As a very junior lawyer a long time ago, I had a brief and unhappy period doing divorce work, which I found very stressful, partly because I was no good at it and mainly because it told me some uncomfortable truths about the level of domestic violence that was going on in my home town. Some things, unfortunately, haven’t moved on that much since then. It’s been in the news quite a lot that the lockdown is causing particular problems for people trapped in abusive relationships, so up until 10th June, I’m putting the songs for ‘The Country Casual’ up on Bandcamp here, and will turn any money that comes in over to Fife Women’s Aid. You can of course donate to them direct, if you can’t bear the music!
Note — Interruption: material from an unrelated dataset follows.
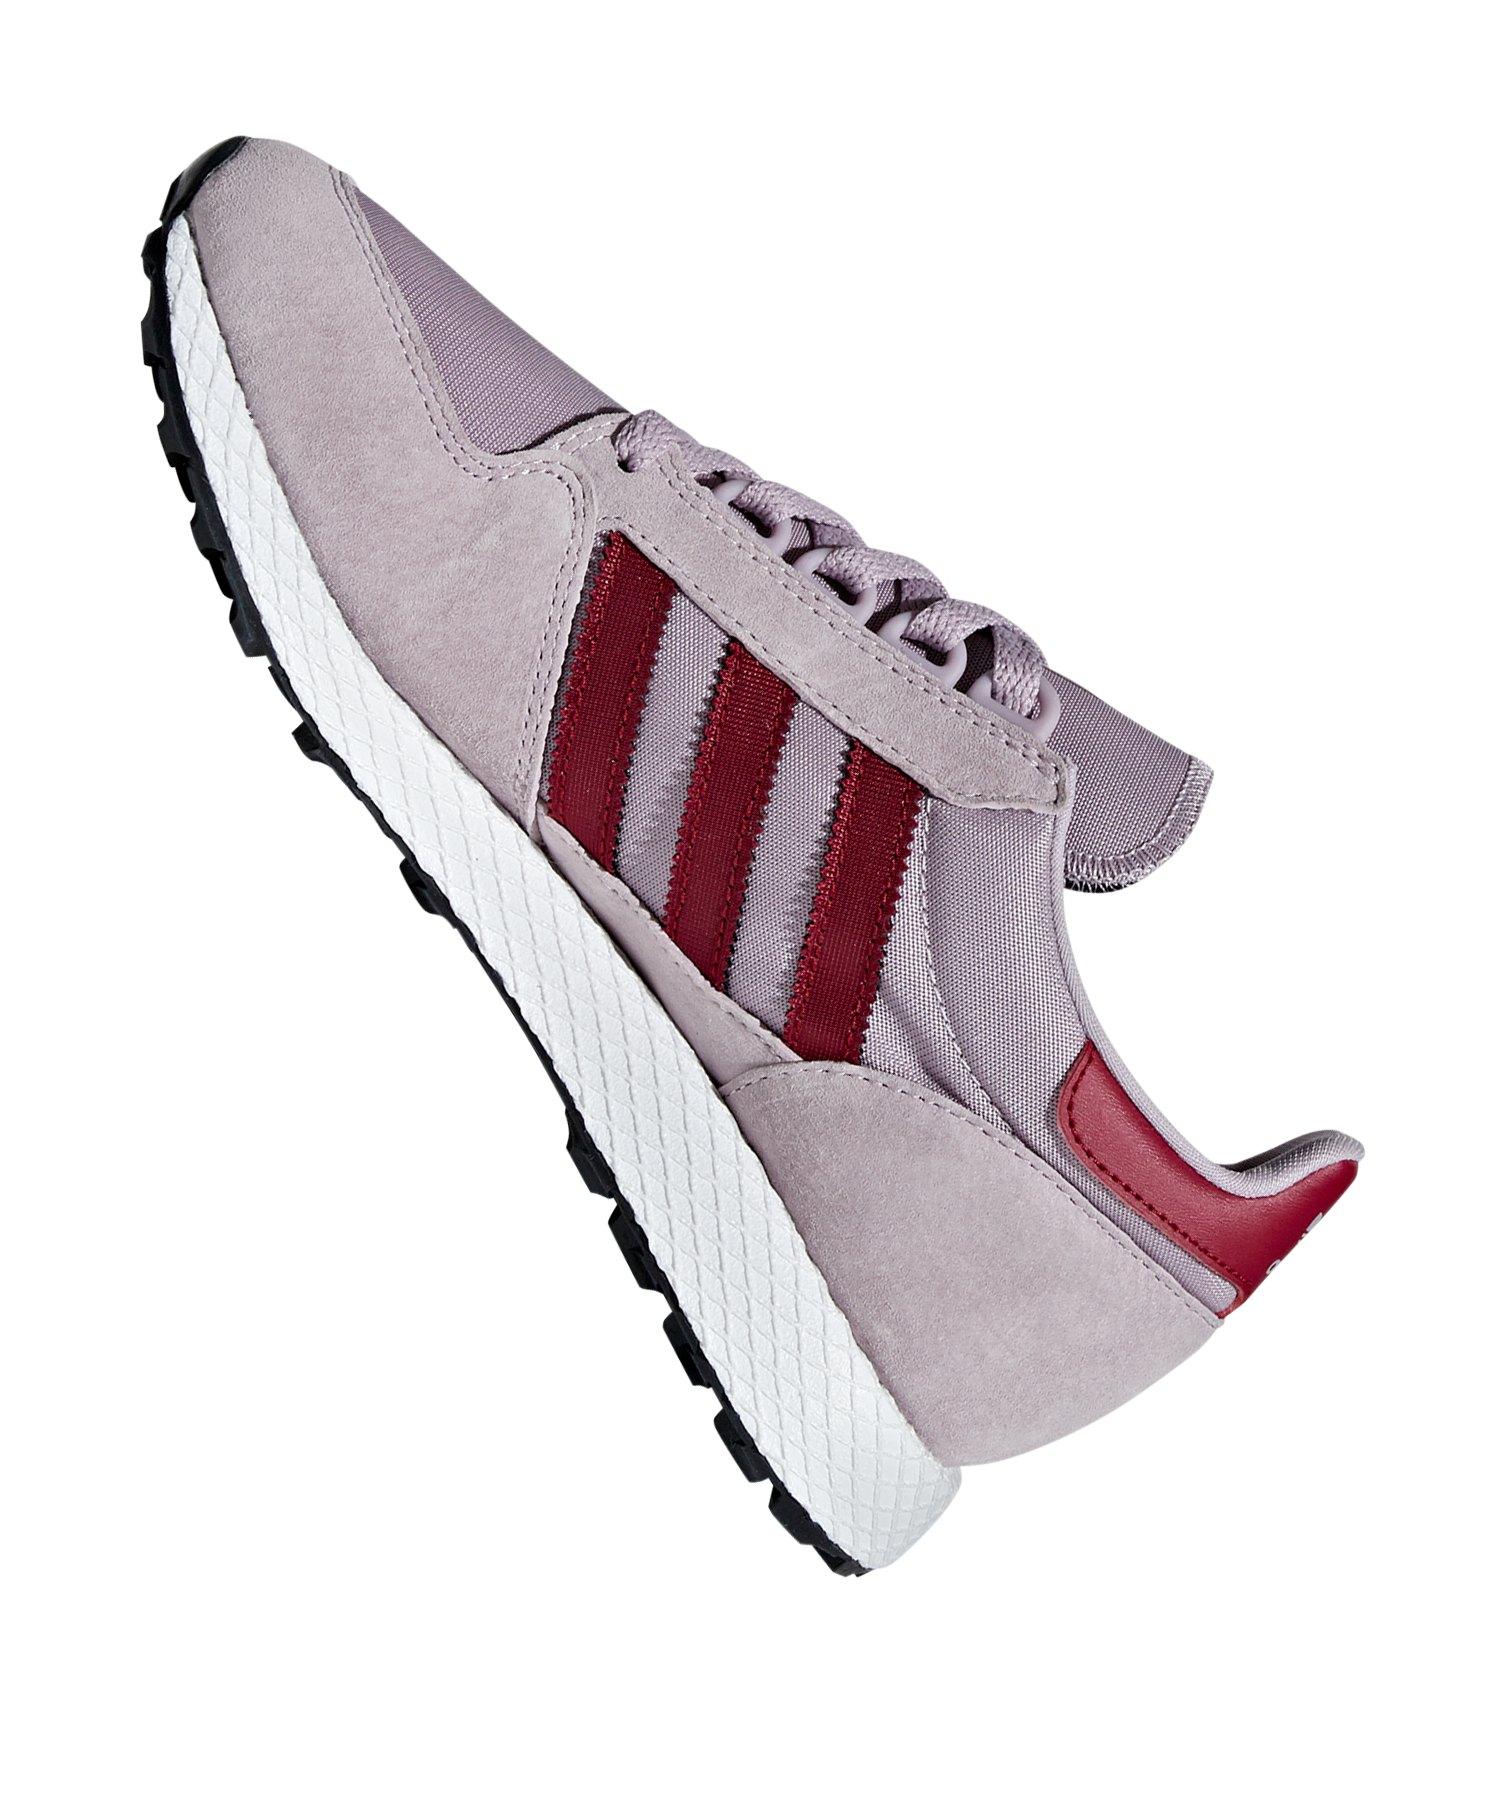 Forest Grove Damen Sneaker Lila Originals Adidas b7gyf6

I hope you do download the music, obviously. I’ve remixed ‘Prufrock’s Revenge‘ to put in some blues box guitar instead of harmonica; Mr
Brutal has kindly agreed to my putting in the band’s version of ‘Winter that the Snow Fell‘ ahead of it going on their next album; and, as well as ‘Roy Orbison,’ there’s a brand new track, ‘If God’s Not on the Angels’ Side (Who the Devil Is).’
Not exactly the next British Invasion, then. But Mrs F and I will launch our own personal invasion of the States one of these days. Apart from anything else, I want to find out if the story about the Scots missing the boat because they were hungover is just yet another example of English propaganda. Or possibly Scottish propaganda, come to think of it.
The Country Casual – Players
Roy Orbison – acoustic guitar, vocals, keys, Andrew Ferguson; electric guitar, Jeff Sniper; drums, Mr Mixcraft.
Winter That The Snow Fell – vocals, Emz Wright; electric guitars, Mark Allan, Graham Crawford; acoustic guitar, Andrew Ferguson; bass, Murray Ramone; drums, Calum Crawford.
Prufrock’s Revenge (Country Remix) – acoustic and blues box guitars, keys, vocals, Andrew Ferguson; electric guitar, Norman Lamont; drums, Looperman (this sample here).
If God’s Not On The Angels’ Side (Who The Devil Is) – acoustic and electric guitars, vocals, Andrew Ferguson; bass, Mark Allan; drums, Mr Mixcraft.
I’m glad to support this cause. I bought the EP.
Neil, thanks so much for doing that! At an incredibly generous rate too – you’re a good man.